Okay, forgive me if there's are dumb questions as I am relatively new to working on a server like this.

- oddly enough the parity message has disappeared today. But it was reported on logical drive 3, not 1. Was the suggestion to delete logical drive 1 based on this parity message?

- If still need to delete it, logical drive 1 is my OS. Should I take an image back up of it and save to an external drive or something? To delete the logical drive, do I just go into ACU?
Horrible as lots wrong, you're bound to have some minor data corruptions but you won't even know what backup to restore.

"Logical Drive 1 Consistency Check Failed" was what was worrying me, I'd like to see what a full image backup does, not sure if it will succeed or not.
Avatar of jcks

ASKER

oh....I see. I thought you were talking about the previously posted error message about parity logical drive 3. My apologies.

So bad logs huh :(  

So after looking at the logs are you thinking it's not hardware (like the backplane) related?

There's no data on logical drive 1, just the OS. All my data resides on logical drive 3. I am confused on how to delete logical drive 1 as normally I would use Windows Disk Management, but logical drive 1 is my OS/system so I can't delete it while I'm in Windows. Sorry man, I'm usually pretty good with computers, but this is all new to me.

Can't be anything else but hardware - time to start swapping bits or replace the box. Let's see how the image goes before thinking of having to delete and recreate the logical drive.
Avatar of jcks

ASKER

Ok. I'll work on that tomorrow. Thanks
Avatar of jcks

ASKER

I got approval from the boss to buy a new box. Should I just do that and forget this? Or will the consistency issue follow to a new box if I use the same drives. I was under the impression from one of your previous posts that I could just pull out all these drives and plug it into a new box and be off and running. Is this the case or did seeing the logs change that?

I didn't have time to try and back it up today. Hopefully time permits tomorrow.
Avatar of jcks

ASKER

My attempts to backup the OS failed.

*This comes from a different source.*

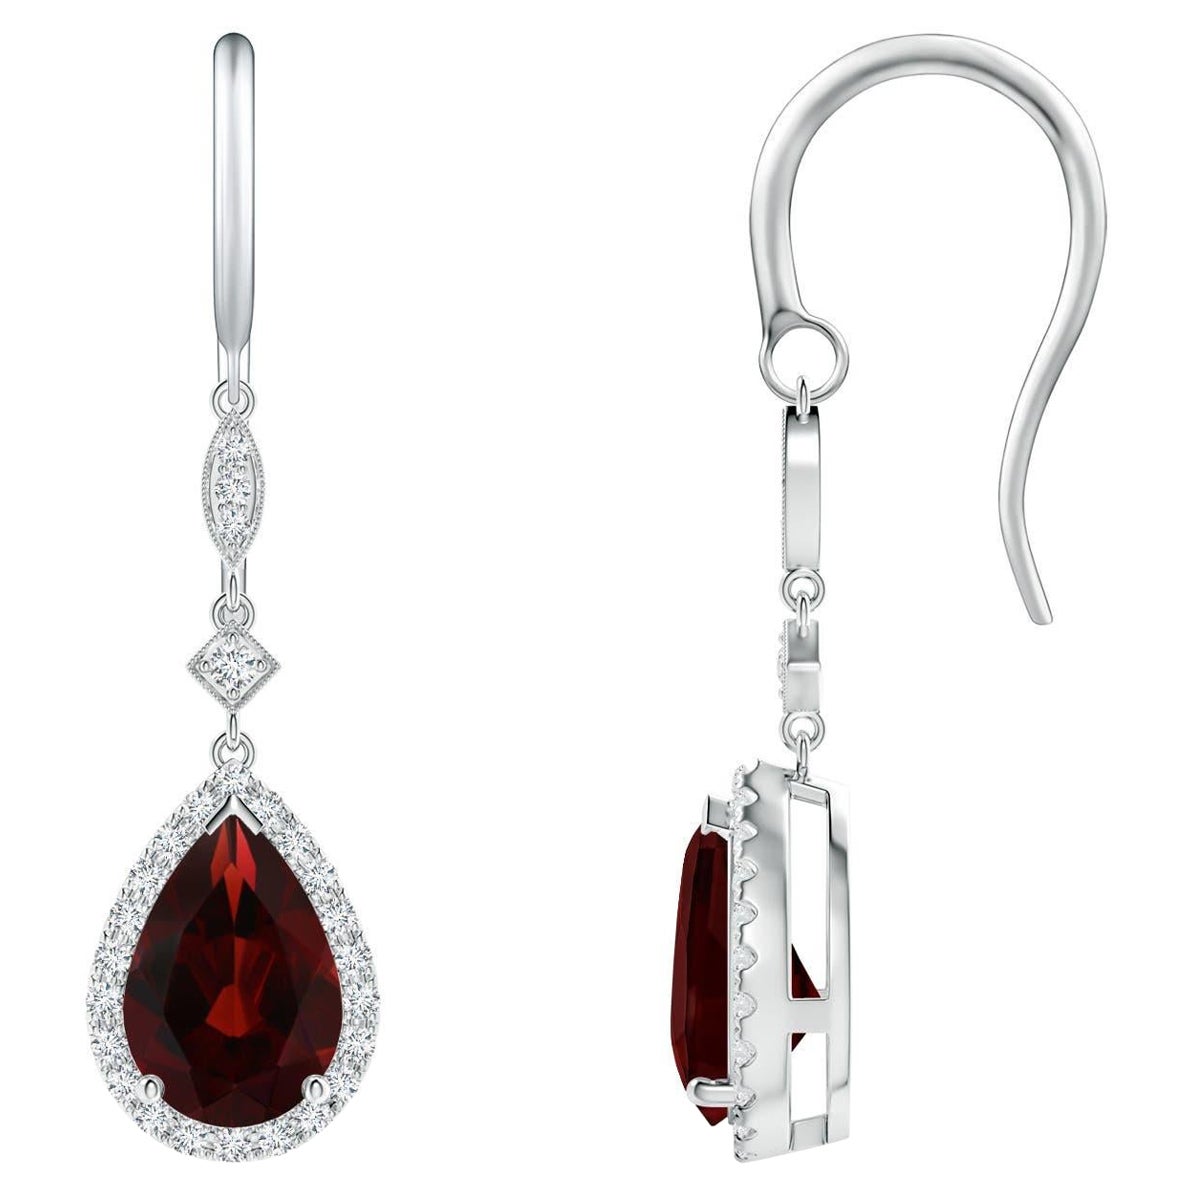 Natural Pear-Shaped 3ct Garnet Drop Earrings with Diamond in Platinum

Not sure why, but it the backup program would lock up before I even had a chance to start. I use Ghost 2003 via bootdisk. It runs clean normally and doesn't require the machine being imaged/backed up to boot to the OS (that's why I prefer it).  Tried 6 times to get it running and it locked up every time. I find this odd because the HDD aren't even being accessed yet when this happens.

Anyway, does this mean it's for sure a hardware issue? I was hoping you (andyalder) could follow up with my last questions. You've been helpful and no one else is chiming in :)   Thanks
A new box with a compatible Smart Array controller is what I'd do too, I think there's a 12 bay DL180 g6 storage server although I can't find it on HP's web. Your reseller will be able to help more there.

I think your backup software locking up is something else, although if it's on the server rather than a stand-alone CD it may be corrupt.
Avatar of jcks

ASKER

Ok. Thanks for your help man. I'm going through a discussion with my CDW contact now to get a replacement.